Here's what you need to do to keep these leftovers healthy! Chef Toby reminds us "In less than a month we're going to do this all over again. You don't want to spend a quarter of a year trying to lose the weight!"
When you're going for that turkey sandwich, Toby says to "Forget the mayo!" Grab an olive oil spread, or use a better butter...one that has Omega-3 fatty acids. Those are essential for heart health.
A nice hummus and veggie plate is a great way to utilize those leftover raw vegetables that we set out. And that means we're not forced to go back to that unhealthy french onion dip.

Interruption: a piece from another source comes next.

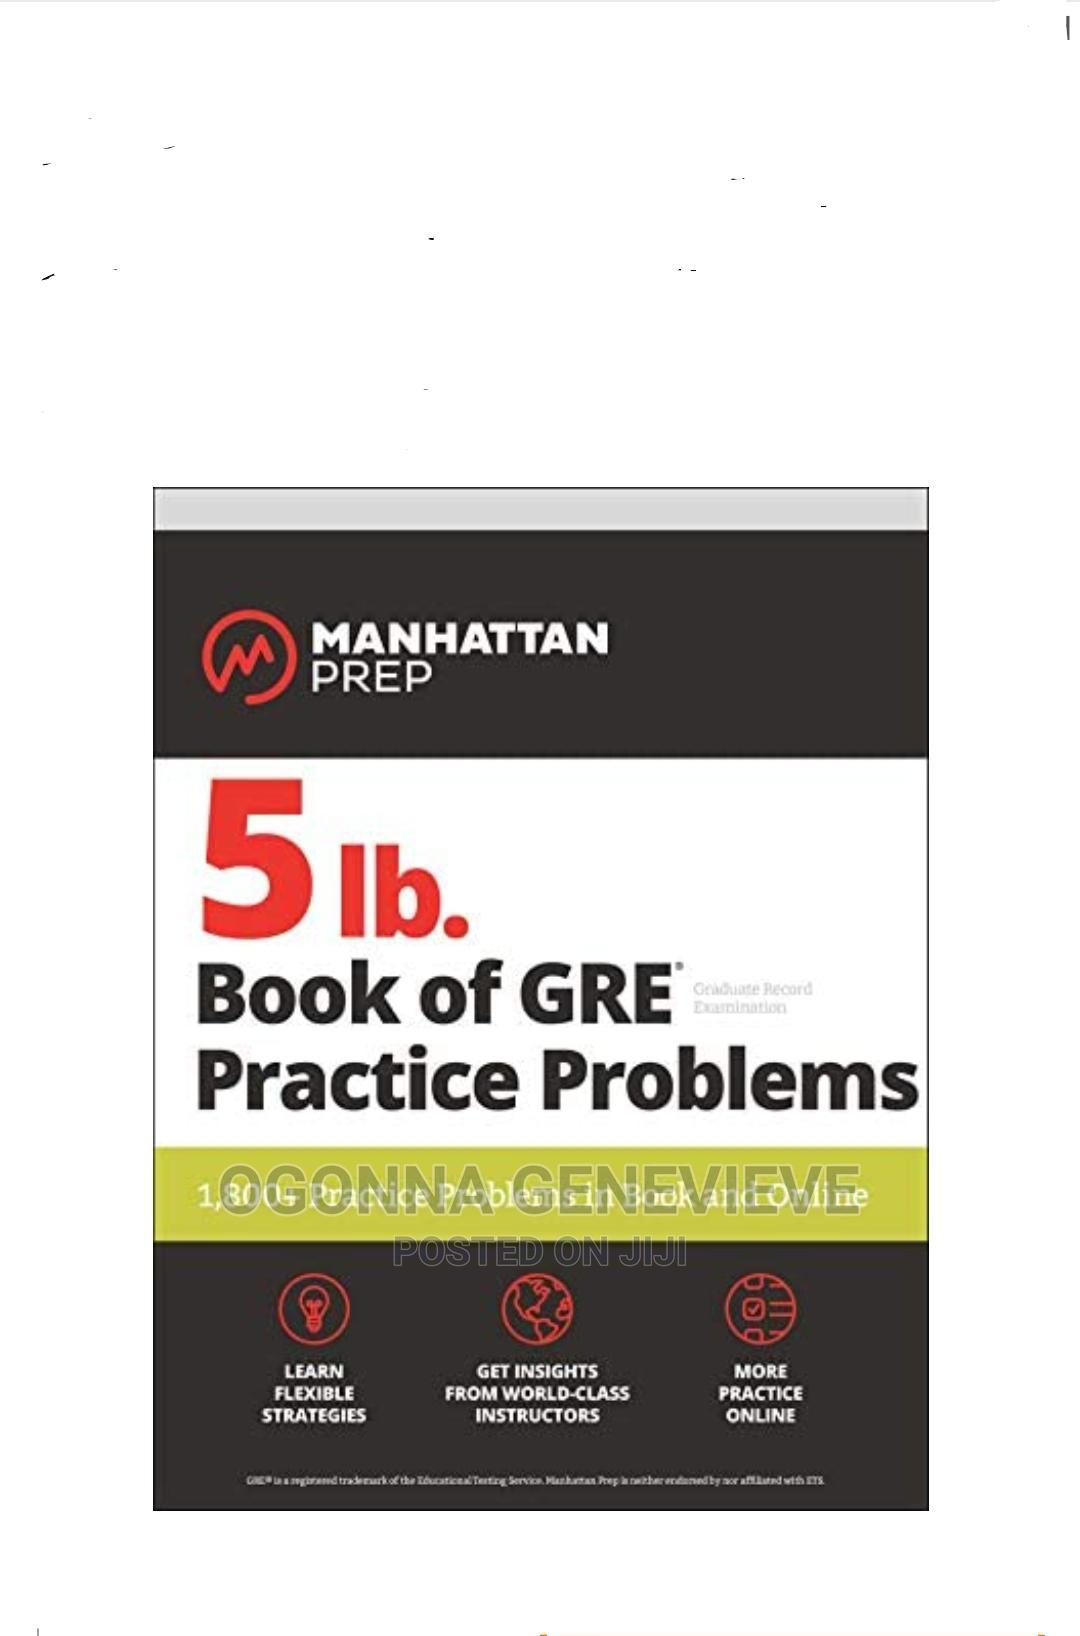 Manhattan Prep 5ib Book of GRE Practical Problems

And speaking of onion, why not try a Turkey Bruschetta? Add a little minced onion, chopped cherry tomato, and balsamic vinegar. Pulse that in a blender or do a rough-chop. If you've got some stale bread, just toast that off under a broiler and you've got a tasty, healthy leftover.

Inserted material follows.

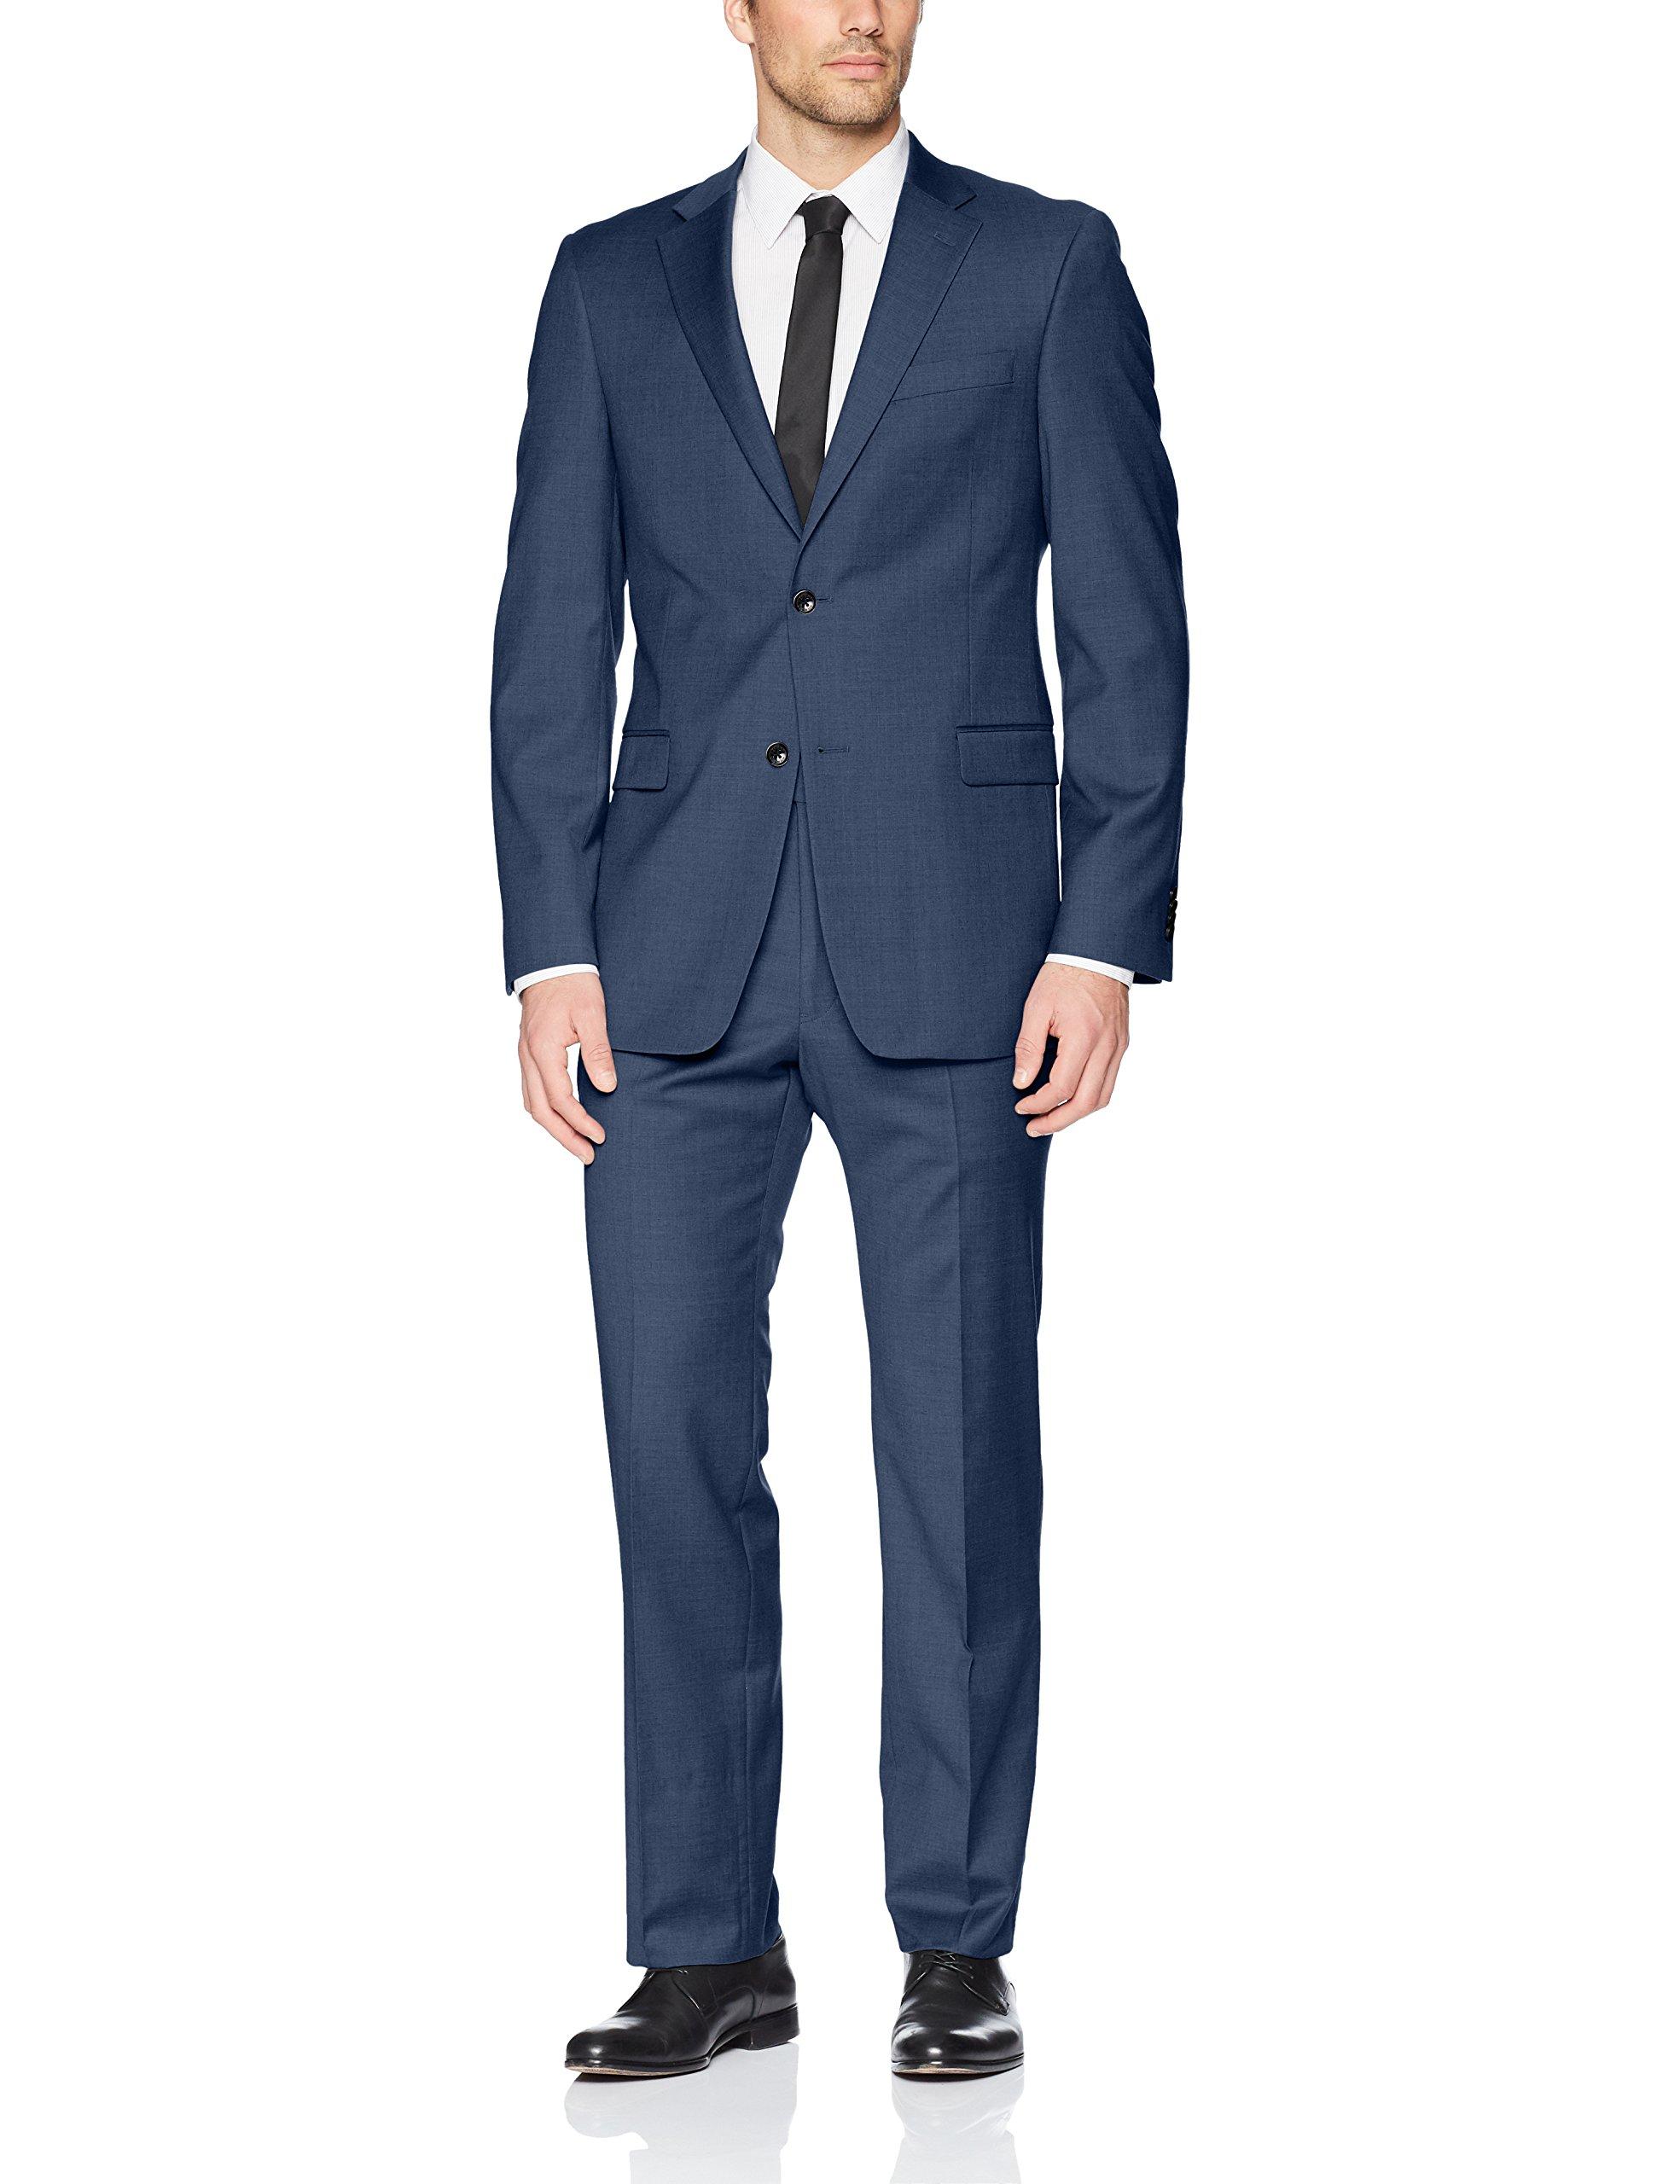 Tommy Hilfiger Men's Modern Fit Performance Suit with Stretch, Blue Sharkskin Pattern 44 Regular

Yesterday, Chef Toby served a "Wild rice with cranberry and pecans." His solution to that in a leftover? Take some smart butter and put it in an acorn squash. Bake that off until it's softened. Take it out of the oven, add the rice into the squash and then top that with some leftover turkey.
Wondering what do you do with the leftover cranberry sauce? Take some Greek Yogurt and incorporate it with the cranberry sauce! Put that on top of some granola or cereal and you've got a nice breakfast treat.
If you want to please the kids, how about a healthy quesadilla? Put some turkey onto a large whole wheat tortilla, add some nonfat mozzarella and you've got a healthy quesadilla. Just don't lather on the butter. Use a healthier cooking spray before you put it in that skillet.
Finally, for an lighter meal? Add some of the rice on top of some kale and mixed greens, top with turkey, and drizzle some light dressing on the top.